Computational Evaluation of Pulsating Heat Pipe for Fluid Flow Behavior and its Thermal Performance

Abstract

Computational fluid analysis of a single circuit heat pipe was undertaken to ascertain the thermal efficiency of water at various fill ratios, specifically 40%, 50%, and 60% under varying heating conditions. The analysis employed the ANSYS Fluent computational fluid dynamics software, utilizing a k-epsilon to the heat pipe as the solver. The analysis was carried out on a copper tube with an internal diameter measuring 3/16 inches. During the analysis, the thermal inflow at the adiabatic region was adjusted to zero, while the condenser region’s temperature remained constant at 25°C. Meanwhile, the heat input at the evaporator region was systematically adjusted to 105°C, 110°C, 115°C, and 120°C. Key Performance characteristics of heat pipe i.e. thermal resistance, and water volume fraction were evaluated during analysis. The temperature variations noted in both regions affirmed that the pulsating pipe’s performance was influenced by the phase transition between liquid and vapor. Furthermore, the concentration of volume within the evaporator section was monitored, confirming the presence of a dual-phase phenomenon within the heat pipe.
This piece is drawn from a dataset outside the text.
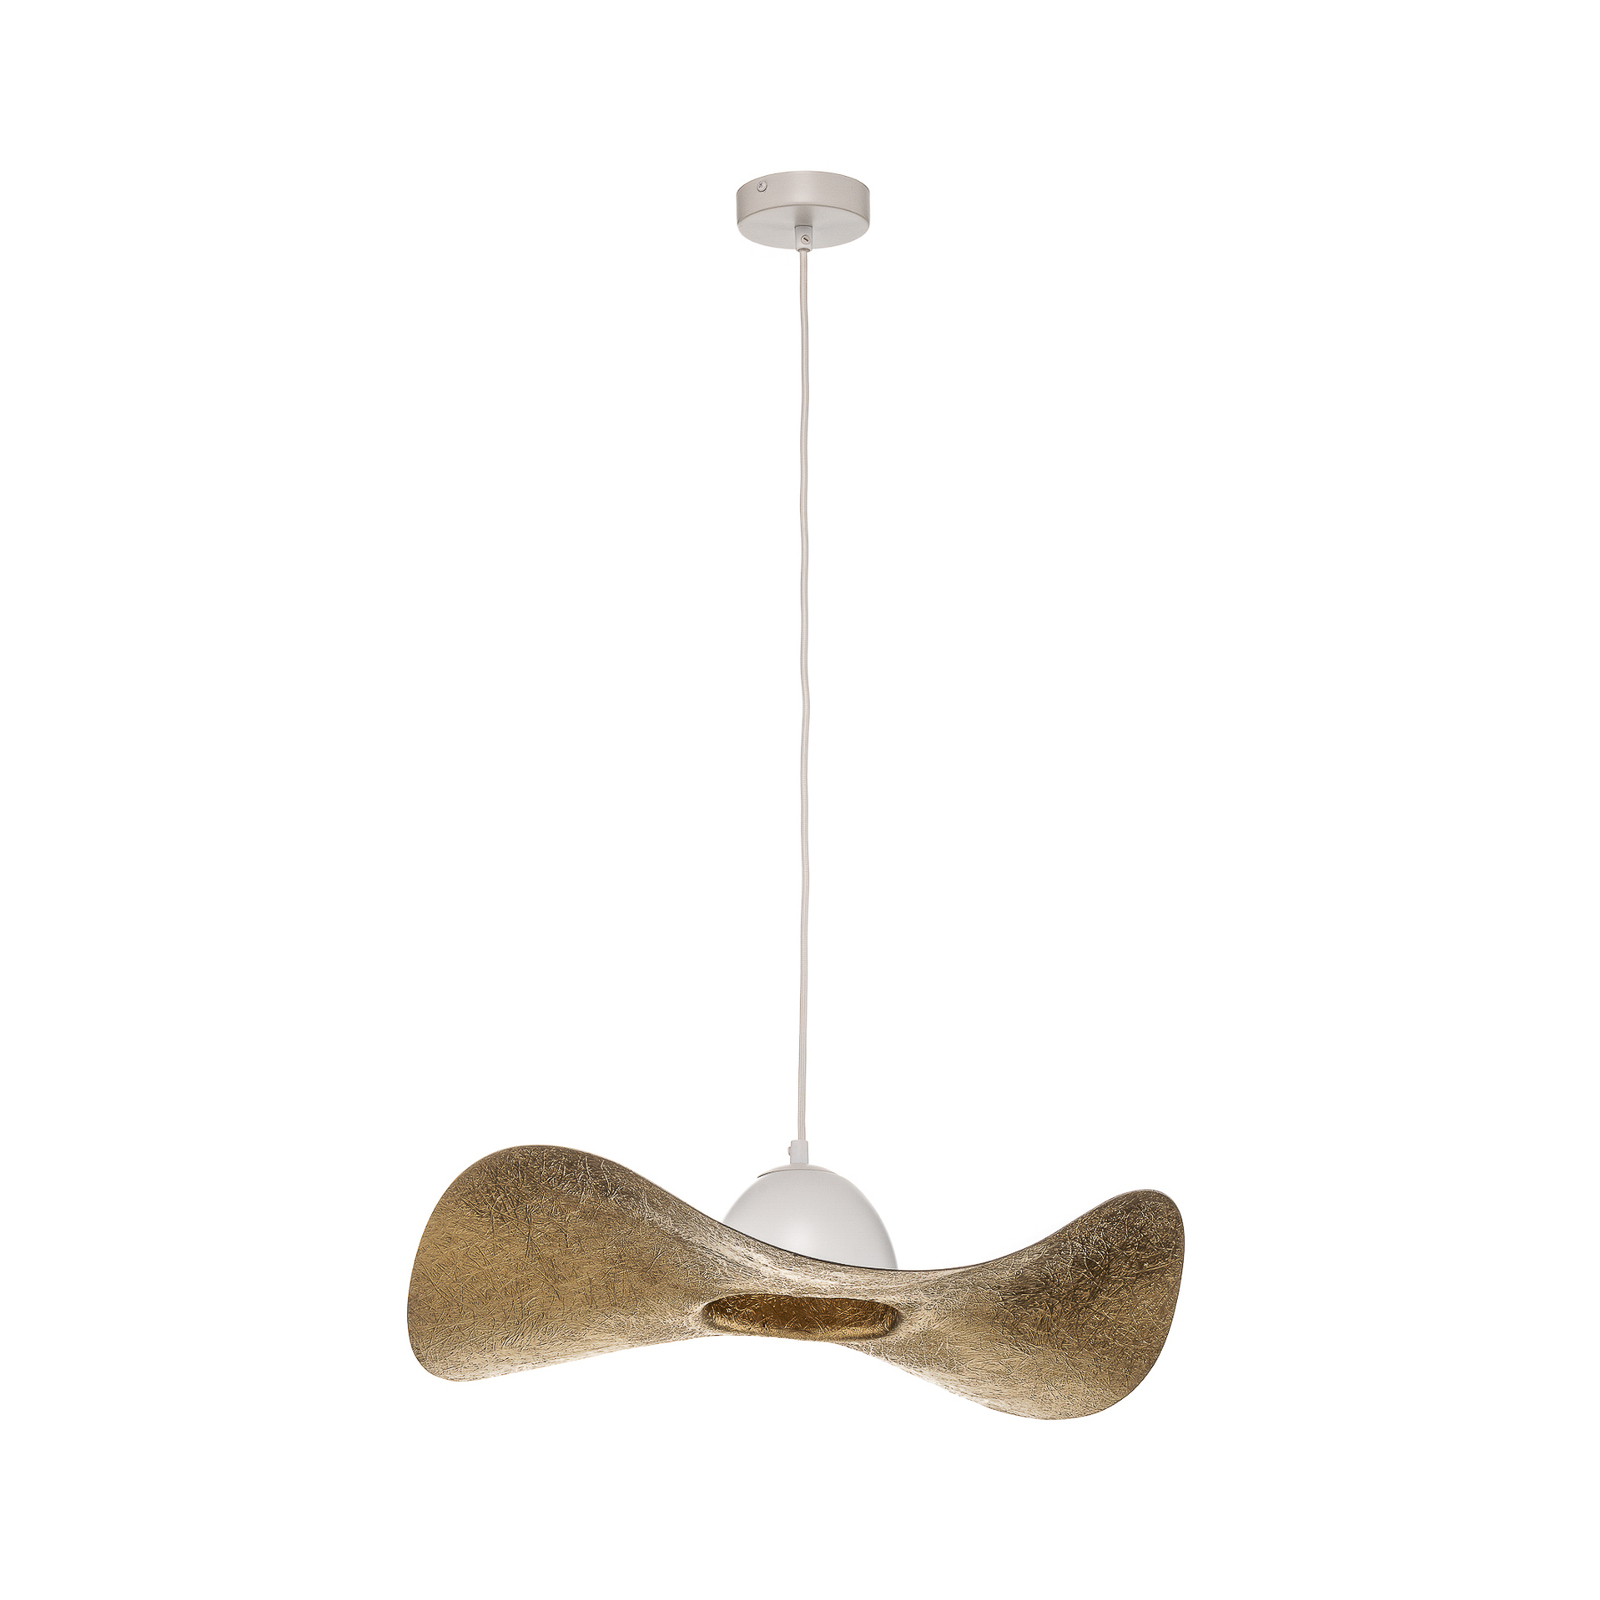 Jil pendant light, curved lampshade, white/gold

Through the analysis, it was noted that the thermal resistance of the water is minimized at a 50% fill ratio for each level of heat input. Notably, the promising results were obtained at an input temperature of 120°C with a value of 1.025°C /W which was 7.3% and 9.8% lower than thermal resistance at 40% and 60% fill ratios, respectively. The reduced thermal resistance in this scenario is attributed to the flow dynamics within the capillary, propelled by rapid phase change mechanisms. This shows the importance of Pulsating Heat Pipes (PHPs) in thermal control, as well as the intricacies of their operating mechanisms. Experimental and theoretical investigations have investigated numerous elements influencing PHP performance, with numerical modeling providing insight into thermal resistance and water volume fraction dynamics under varying heating temperatures and fill ratios.